*** Provided material ***

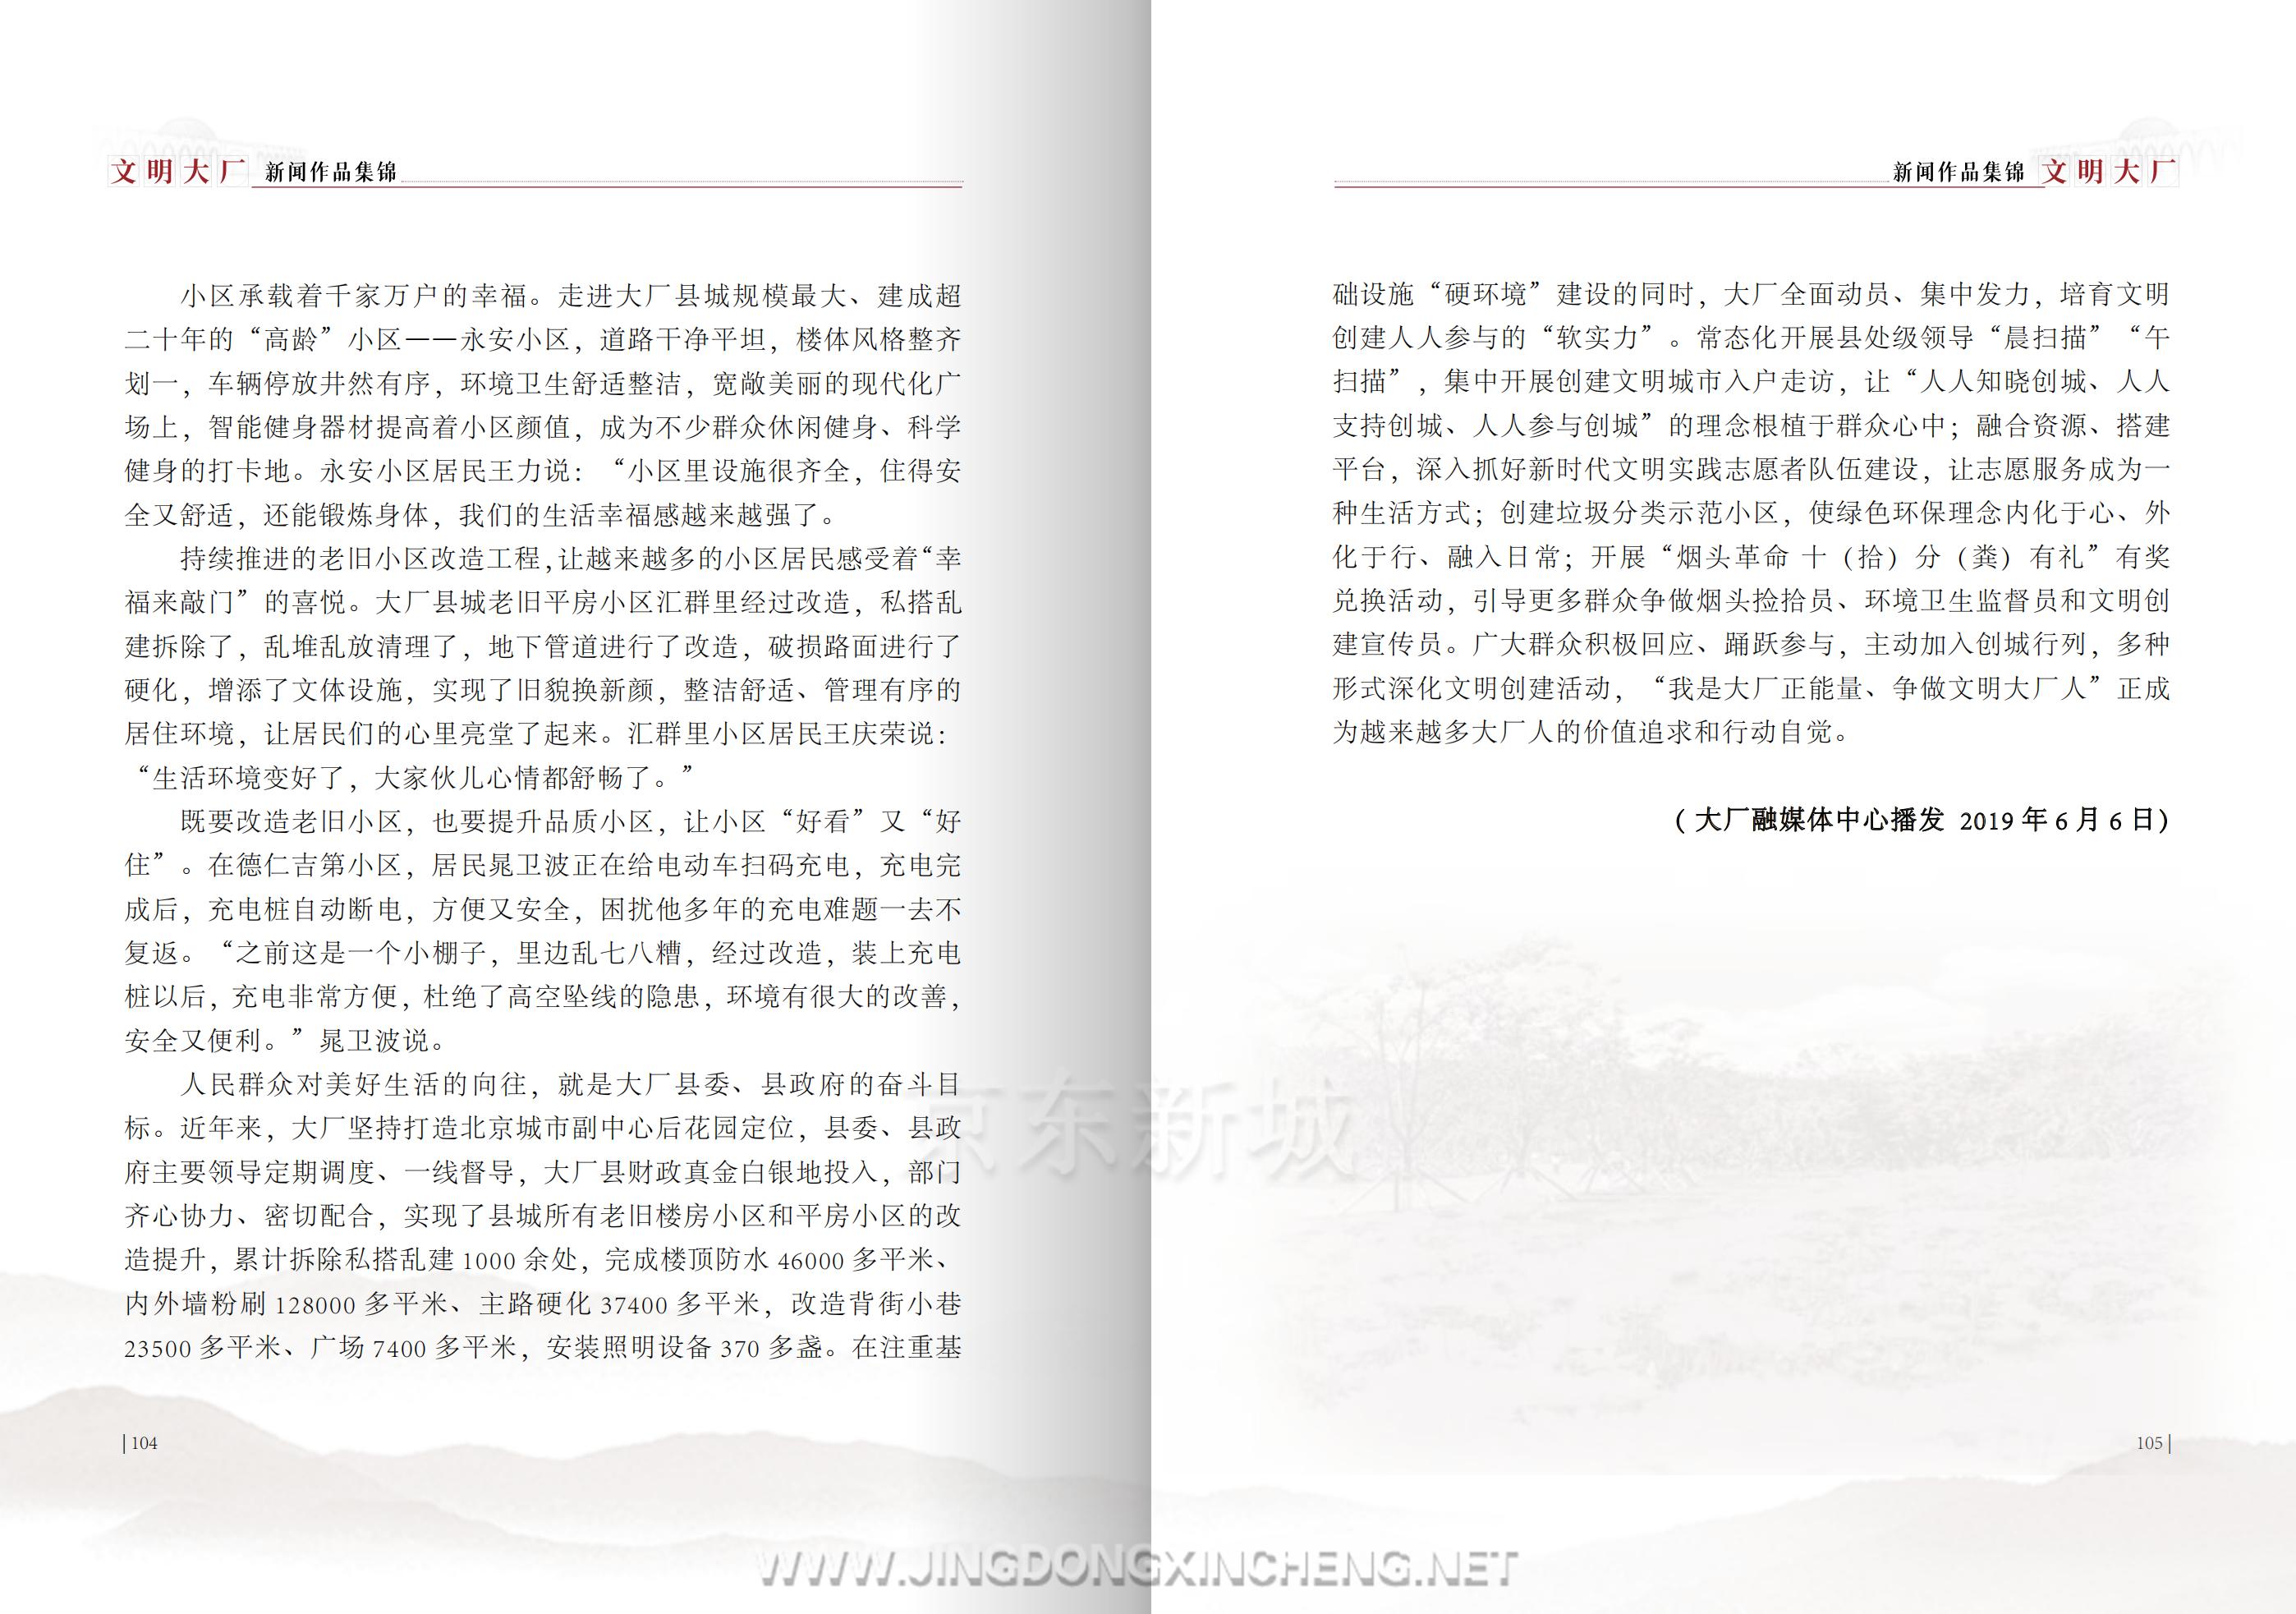 文明大厂书籍-定稿-上传版_56.png
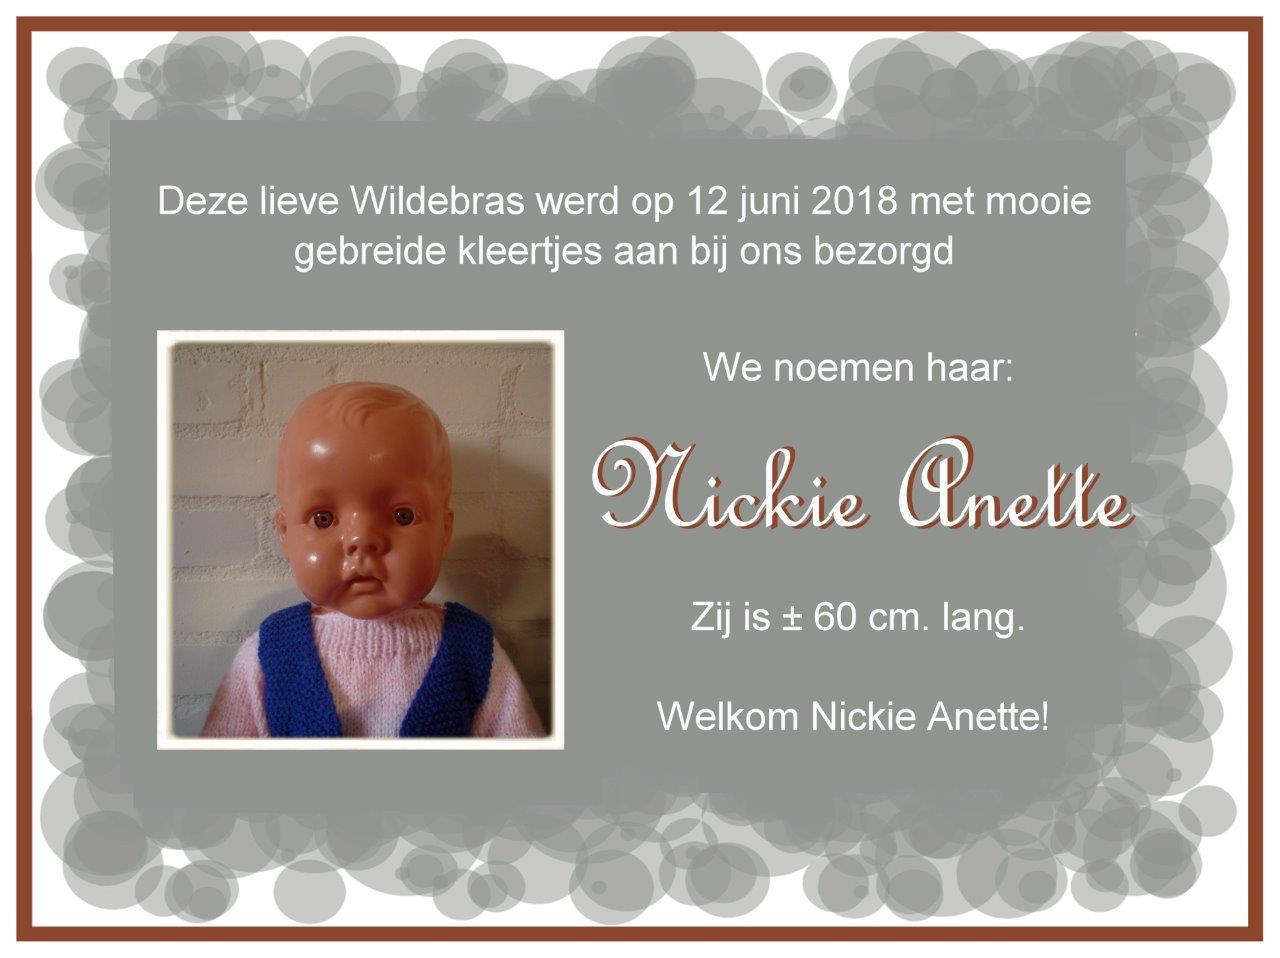 https://welkepopisdat.nl/afbeeldingen-Forum/DurvinaFotos/Kaartje%20Nickie%20Anette%20.jpg
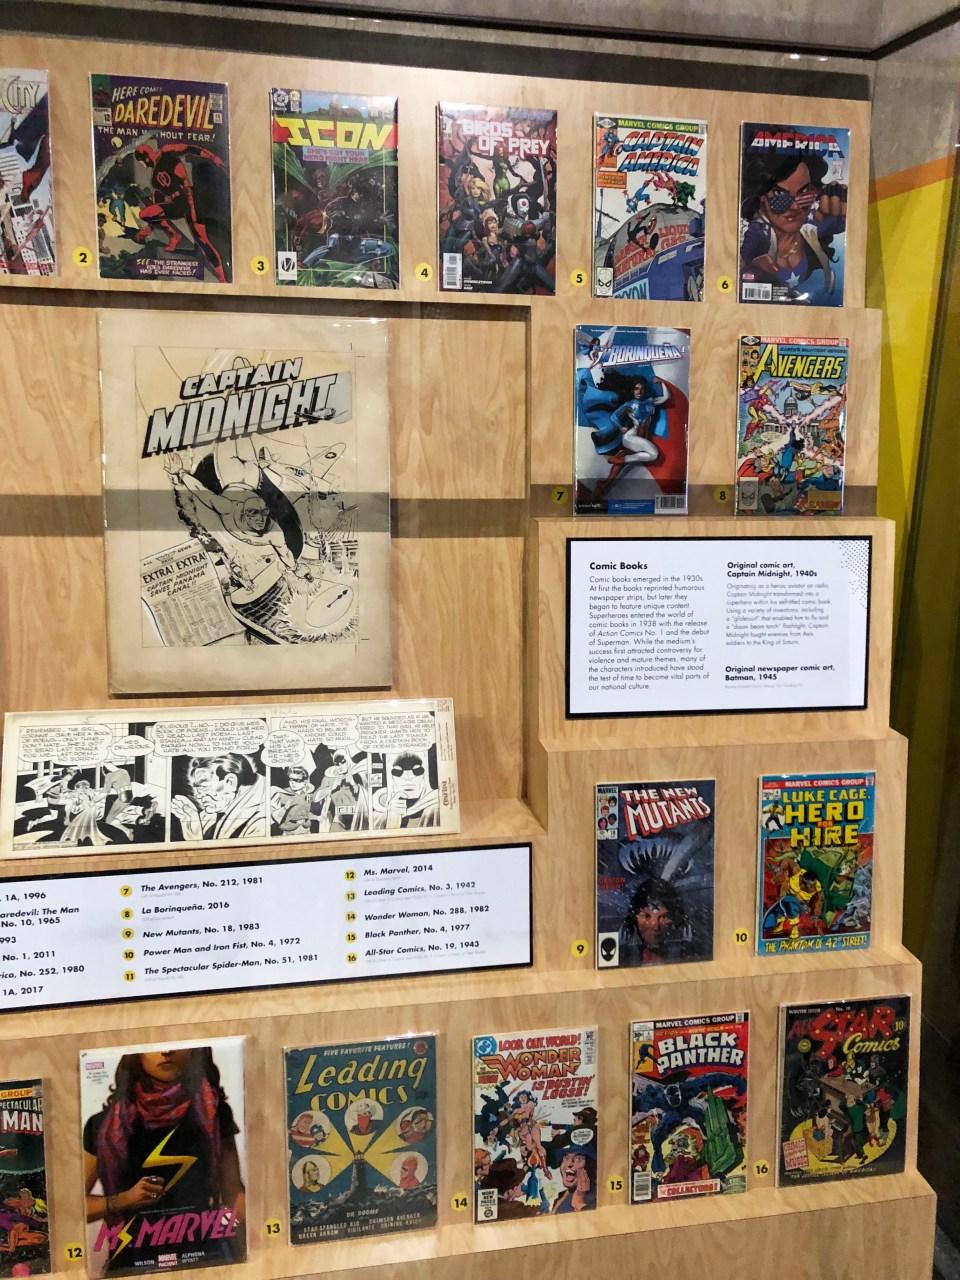 Museum of American History - Superheroes

*** End of Provided material ***

Take the preceding listing and transcribe it exactly, skipping the pictures.

* **Your solution**
 文明大厂书籍-定稿-上传版_56.png
 https://welkepopisdat.nl/afbeeldingen-Forum/DurvinaFotos/Kaartje%20Nickie%20Anette%20.jpg
 Museum of American History - Superheroes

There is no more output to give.